Photo by T.J. Breshears / Unsplash
Photo by T.J. Breshears / Unsplash

How to Extend Terraform Scope With Data Sources

Push back the interconnection frontiers with data sources

Guillaume Vincent
Guillaume Vincent

Table of Contents

Terraform is one of the tools to have in your toolbox. It allows you to manage your infrastructure as code and supports many cloud and service providers like AWS, GCP, and plenty of others.

If you do not find your happiness in the providers you can develop your own. For that, Hashicorp provides an SDK but you will have to put your hand in Golang code. But, it may take some time to develop what you need and it is not always necessary.

To retrieve states from other elements of your infrastructure such as a REST API, you can simply use the data sources.

What Are Data Sources?

Data sources allow data to be fetched and computed for use in your code. The source can be located in another Terraform configuration or outside. Contrarily to resources, the data sources are not managed by Terraform.

They are read-only presented views of pre-existing data or they can compute new values on the fly within Terraform. The code snippet below shows an example of data source usage:

# Find the latest available AMI that is tagged with Component = web
data "aws_ami" "web" {
  filter {
    name   = "state"
    values = ["available"]
  }

  filter {
    name   = "tag:Component"
    values = ["web"]
  }

  most_recent = true
}

resource "aws_instance" "web" {
  ami           = data.aws_ami.web.id
  instance_type = "t1.micro"
}

The data source aws_ami retrieves an AWS AMI (Amazon Machine Image) corresponding to the defined filters. The AMI should have an available state and the Component tag equal to web. If they are multiple AMIs returned by the data source, the latest is returned due to the most_recent parameter.

Once the data source computer, the attribute id is reused in the aws_instance.web resource. This is one of the many existing data sources available. You can find them in the documentation of your provider.

In a project, data sources are very useful to :

  • Reduce the coupling between your modules and use your infrastructure as a source of truth.
  • Hide the complexity to the Terraform end user by reducing the number of variables

With data sources, you can even get information from your own custom applications.
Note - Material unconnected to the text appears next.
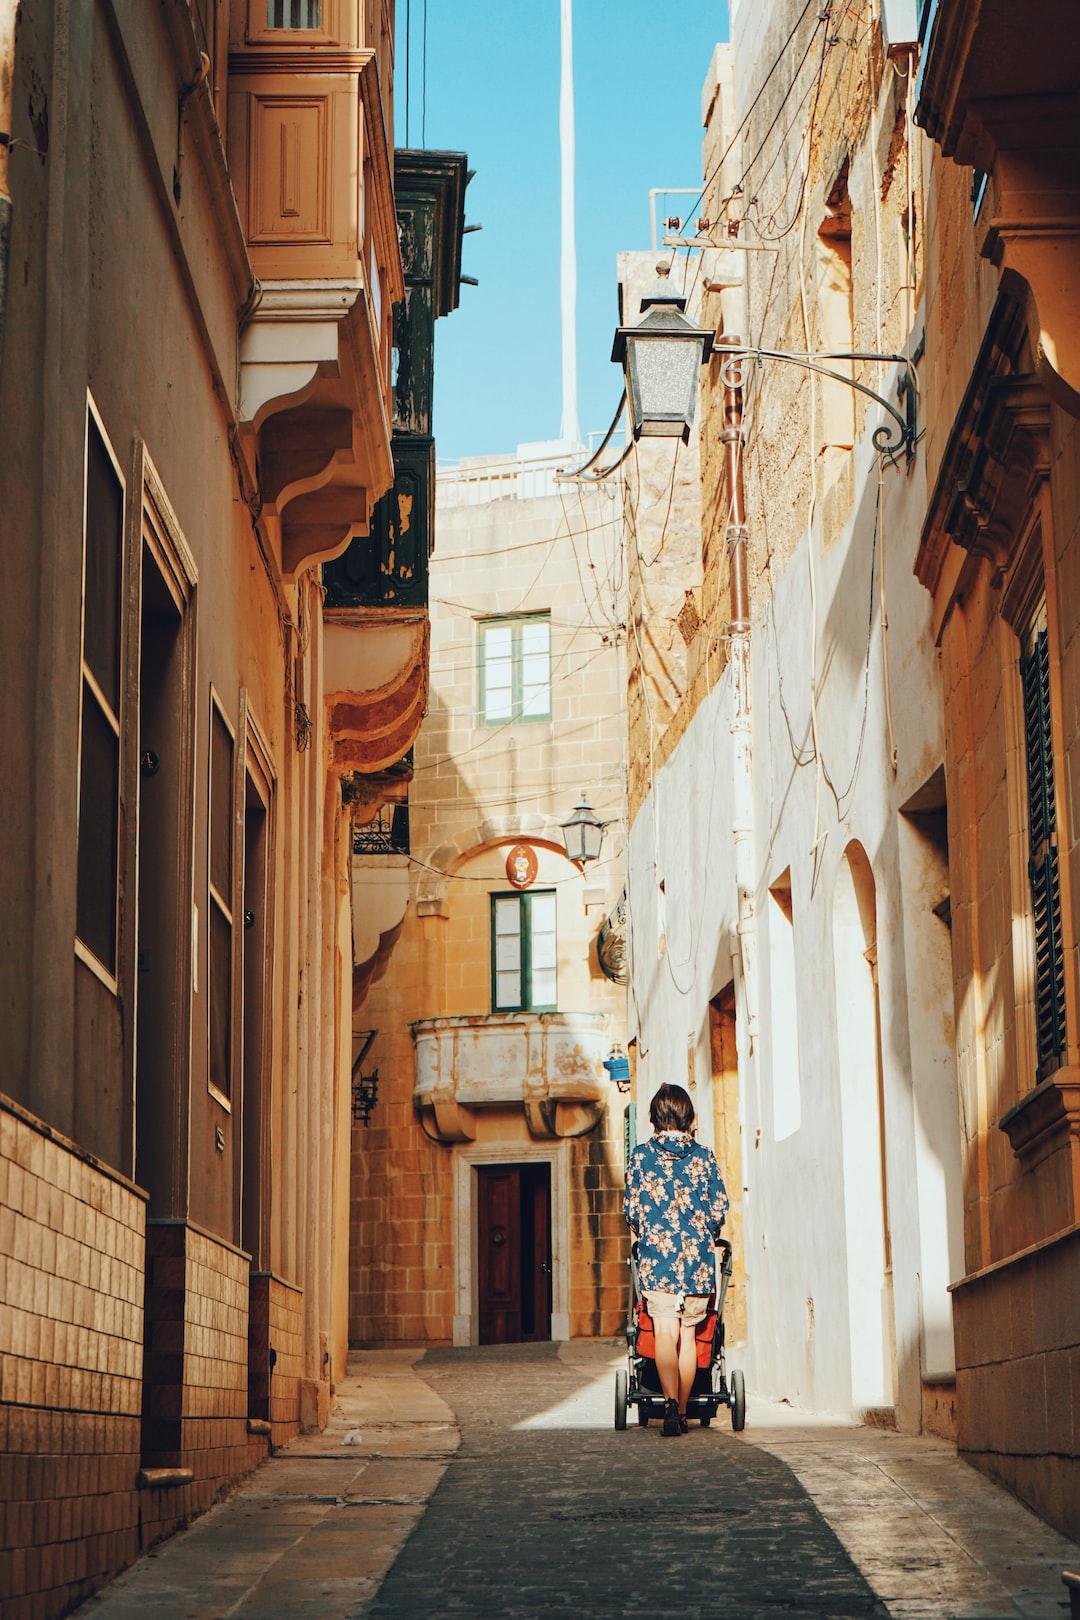 Strolling around Victoria, Malta
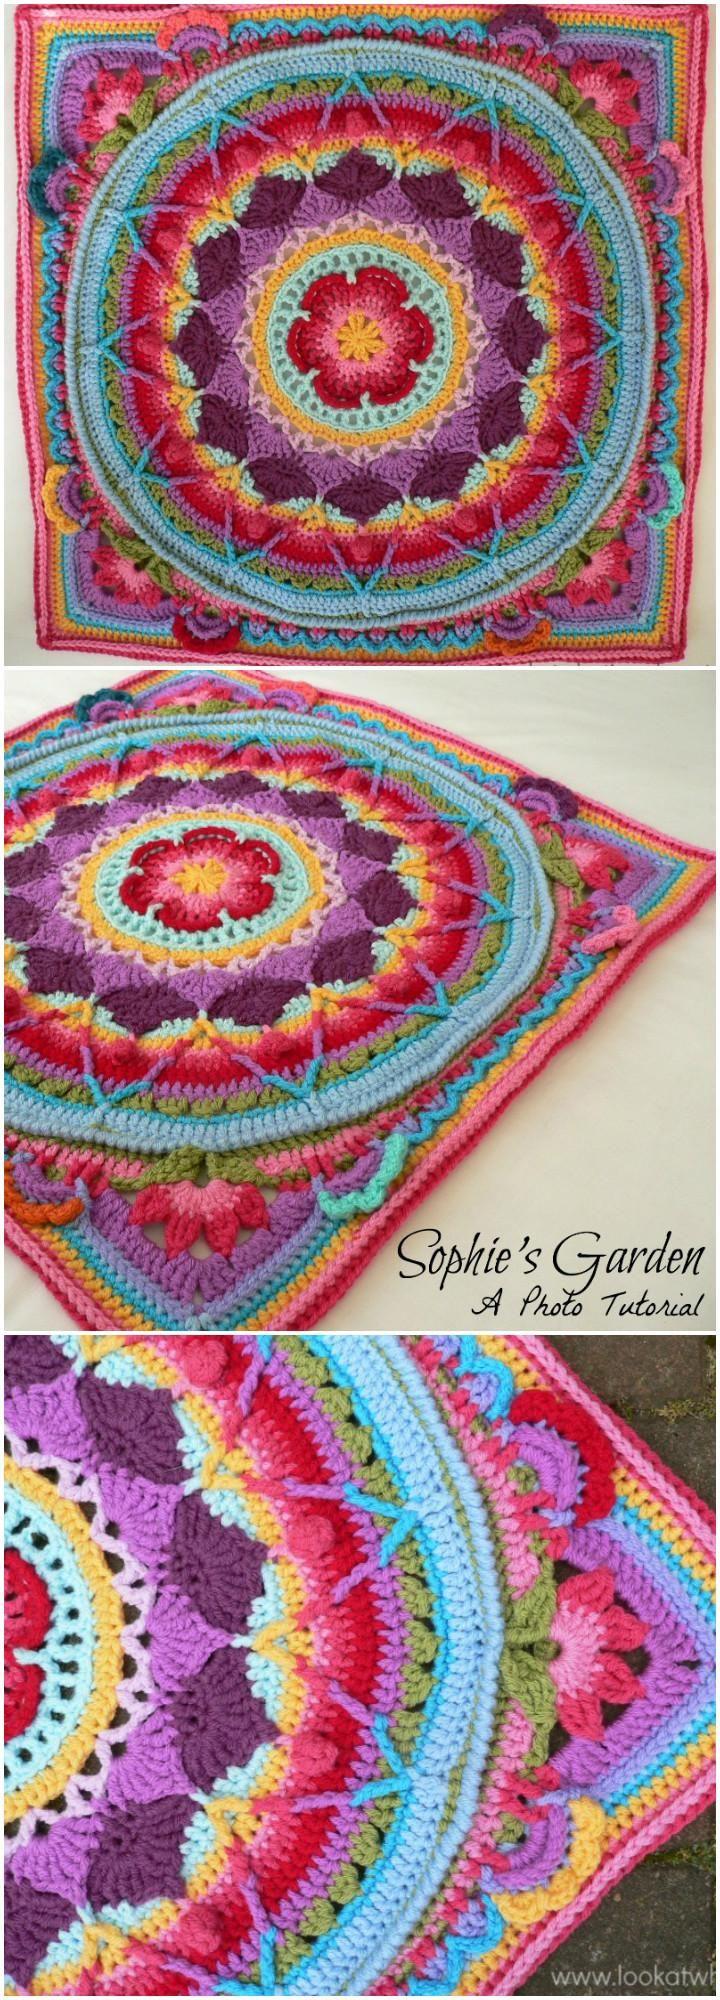 Sophie's Garden Crochet Mandala - 60 Free Crochet Mandala Patterns - DIY

We will use JSONPlaceHolder to use a fake API to simulate this use case:

$ curl https://jsonplaceholder.typicode.com/todos/1
{
  "userId": 1,
  "id": 1,
  "title": "delectus aut autem",
  "completed": false
}

Communicate With a REST API With Data Sources

The HTTP data source

The HTTP data source makes an HTTP request to a given URL. It exports information about the response :

variable "todo_id" {
  type    = number
  default = 1
}

data "http" "this" {
  url             = "https://jsonplaceholder.typicode.com/todos/${var.todo_id}"
  request_headers = {
    Accept        = "application/json"
  }
}

output "todo" {
  value = data.http.this.body
}

The Terraform code returns the body of the HTTP response in the output:

$ terraform init
$ terraform apply
data.http.this: Refreshing state... [id=https://jsonplaceholder.typicode.com/todos/1]
Apply complete! Resources: 0 added, 0 changed, 0 destroyed.
Outputs:
todo = {
  "userId": 1,
  "id": 1,
  "title": "delectus aut autem",
  "completed": false
}

The limitation of this data source is that it does not support authentication or any other protocol than HTTP. Another solution is possible for this.

The external data source

“The external data source allows an external program implementing a specific protocol (defined below) to act as a data source, exposing arbitrary data for use elsewhere in the Terraform configuration.” From Terraform official documentation

The data source needs to have the path of the program. The external program accepts a JSON object from stdin stored in the query parameter. It can return a JSON object as output with all values as strings. The expected return code for a successful program result is zero :

data "external" "example" {
  program = ["python", "${path.module}/example-data-source.py"]

  query = {
    # arbitrary map from strings to strings, passed
    # to the external program as the data query.
    id = "abc123"
  }
}

This data source needs the path to the program it should call. It accepts a JSON object in stdin. This is passed via the values passed in the query field. The result of the script execution is also a JSON object. The expected script return code is 0.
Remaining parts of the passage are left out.